Bijan Namdar Zanganeh, Iran's oil minister, has said once sanctions are lifted, production would climb by 1 million b/d, to 3.8 million b/d within six months, and to 4 million b/d by 2018.
The report claims it is unlikely that Iran's crude oil capacity -- currently at an estimated 3.8 million b/d -- would exceed 4.5 million to 5 million b/d by the early 2020s, or 5.5 million b/d by 2030.
Global leaders face a June 30 deadline to reach a nuclear agreement, under which the EU and US are expected to lift the majority of sanctions on Iran, including an oil import ban and sanctions on Iran's oil sector.
The removal of sanctions would depend on how quickly Iran meets nuclear-related benchmarks.
The immediate deals following the potential removal of economic sanctions would involve new trade or short-term deals, such as sales of Iranian oil from storage, with Asian or Middle Eastern banks and companies "less deterred by the prospect of violating sanctions or taking on high-risk investments," the report states.

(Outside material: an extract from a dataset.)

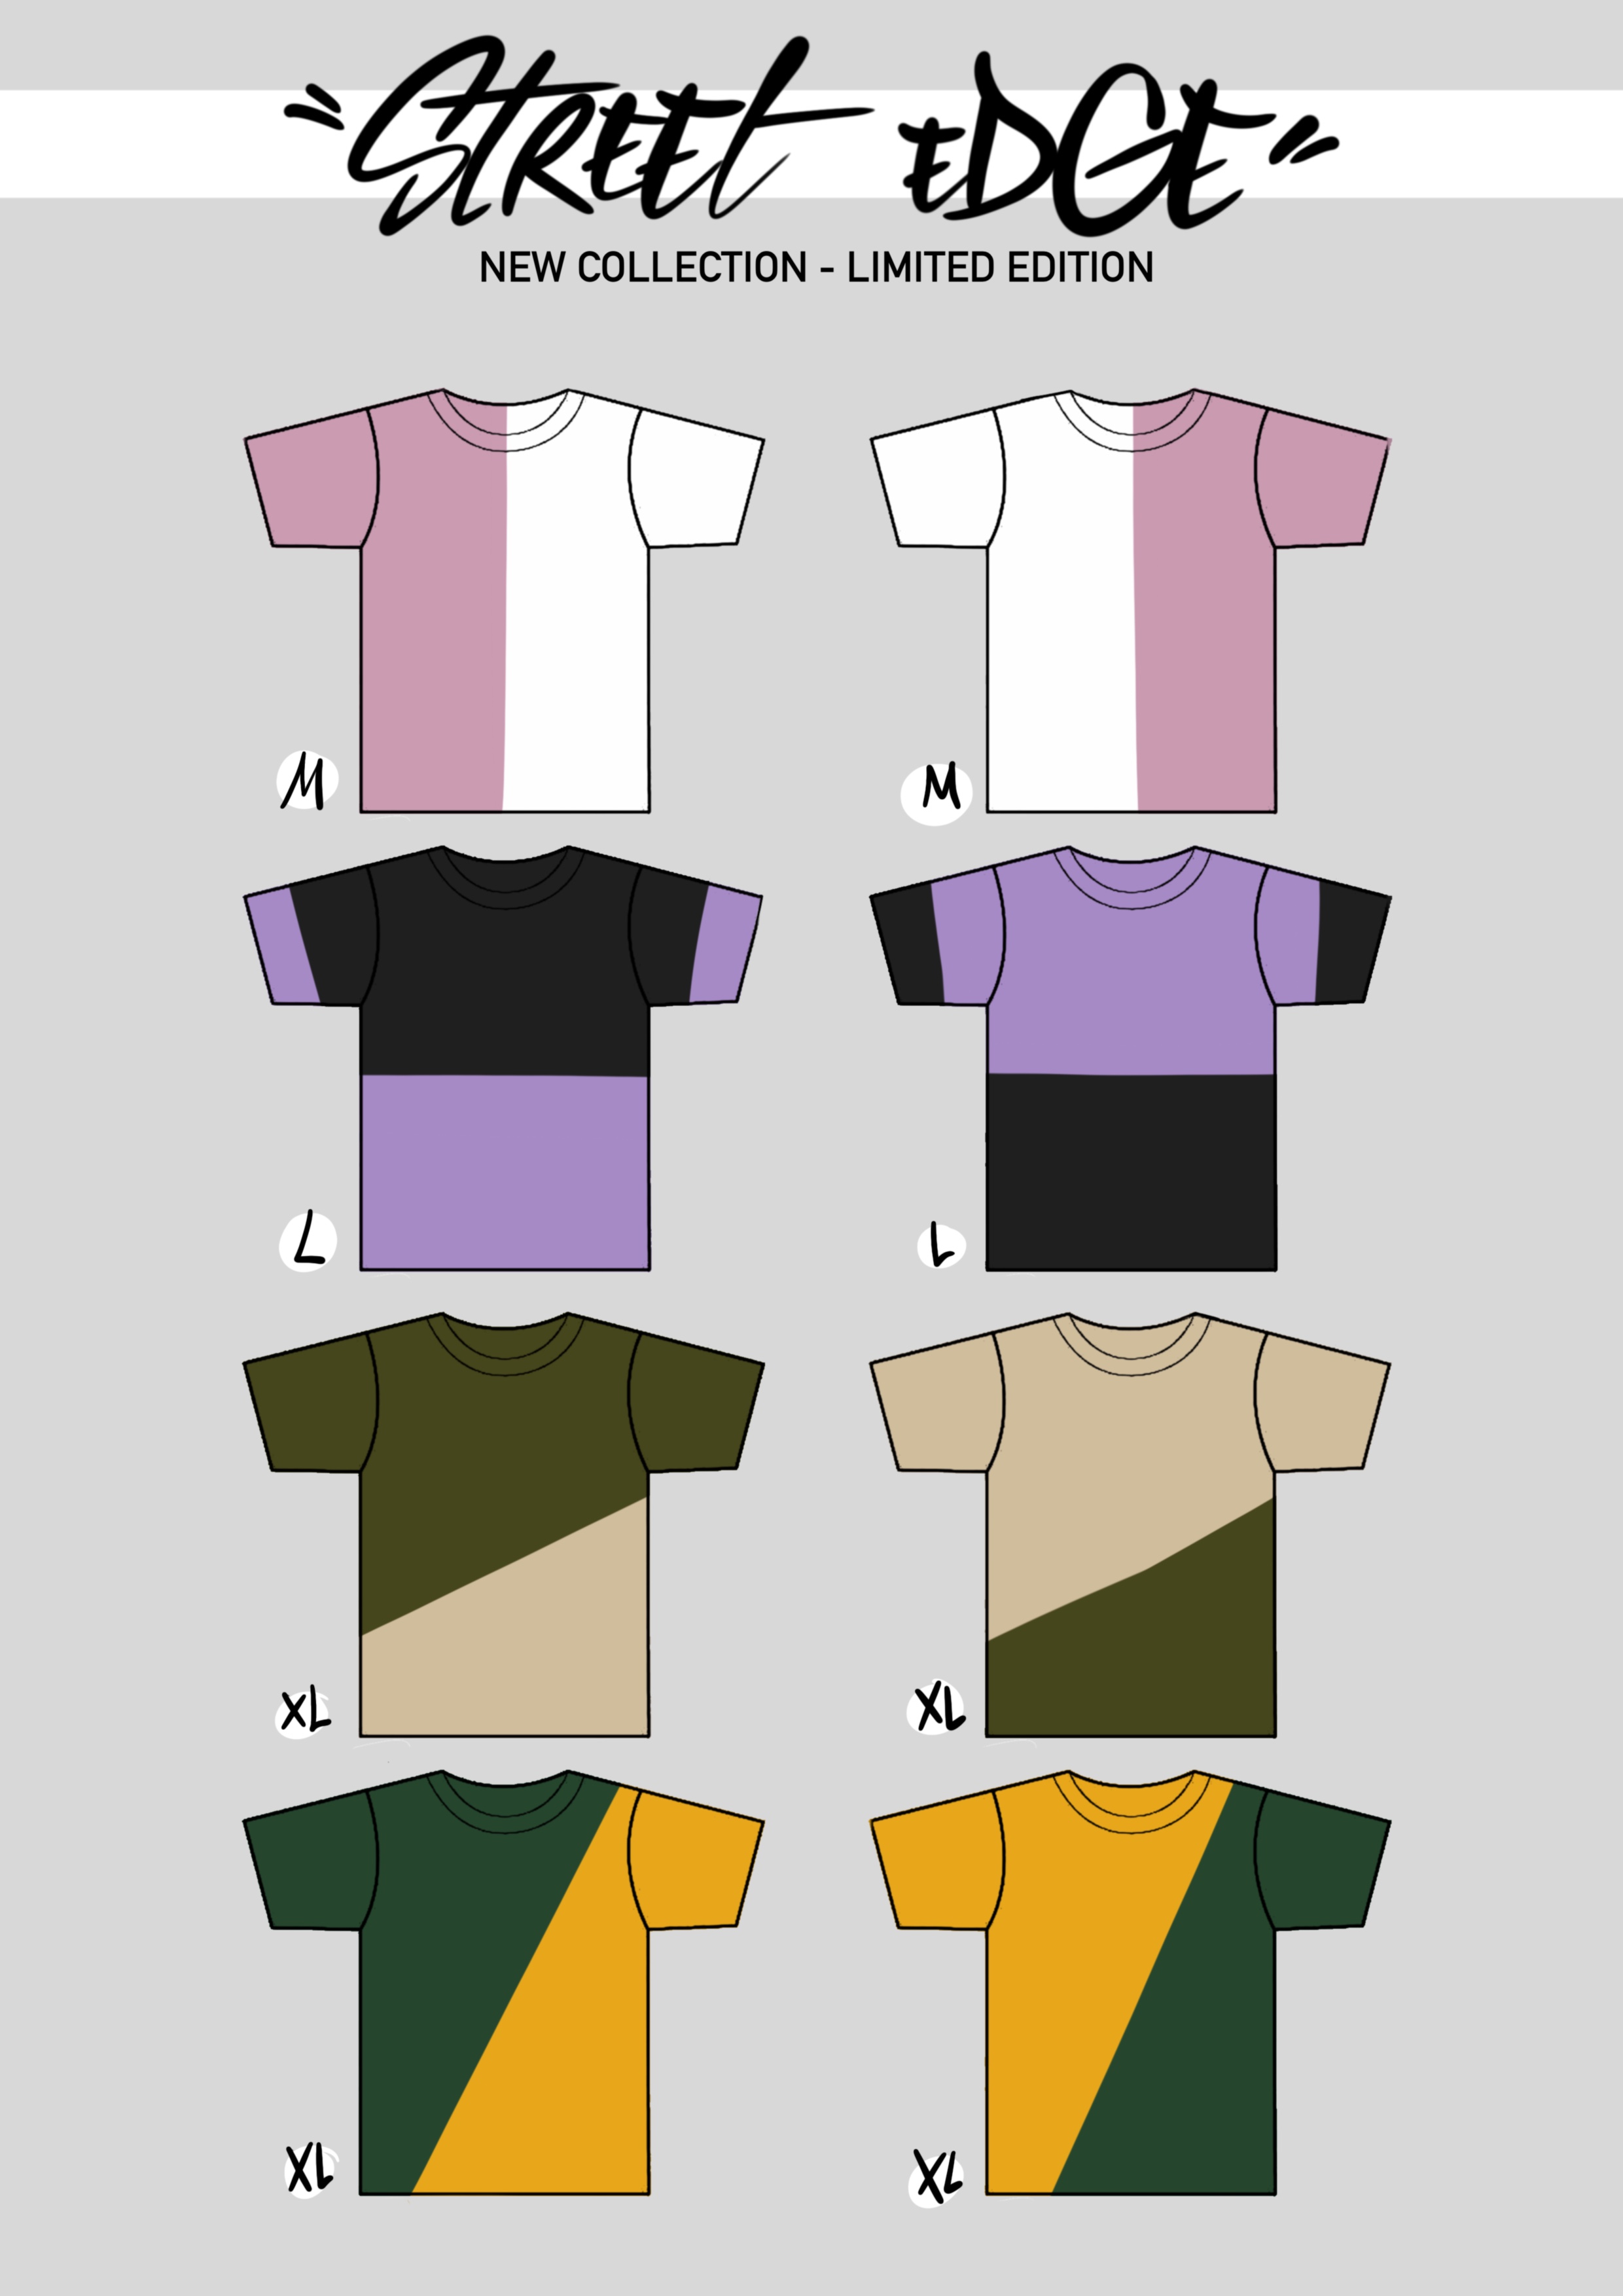 Size street edge t shirt design catalog clarafosca

But these companies will not be able to provide the technical expertise and large amounts of capital that Western firms could offer, the report says.
"Therefore, investing millions or billions in Iran's most attractive energy and infrastructure projects will proceed more slowly, due to the more cautious entrance of better-capitalized and more technically sophisticated Western companies," the report states.
Iran, with production costs among the lowest in the world at an estimated $5/b-$10/b and a location between major demand centers, has been seen as an attractive opportunity for foreign investment. The National Oil Company of Iran plans to unveil 40 projects for competitive bidding once the sanctions are removed.
But, the report notes, the state oil company has not indicated if it plans to loosen its resource-ownership rules or alter its production-sharing agreements.
"If Iran does not offer sufficiently attractive investment terms on reserves and production, it will not induce major international energy companies to assume a significant degree of risk and enter a high-stakes, high-reward Iranian market," the report states.
If Iran does offer "attractive" terms to investors, Asian and European oil majors, such as Total and Eni, will likely have an advantage over US firms, such as ExxonMobil and Chevron, which would still be subject to US restrictions, according to the report.
Elizabeth Rosenberg, a senior fellow and director of the center's energy, economics and security program, and Sara Vakhshouri, president of SVB Energy International, an energy consultancy, wrote the report, which details how removal of sanctions on Iran would likely proceed.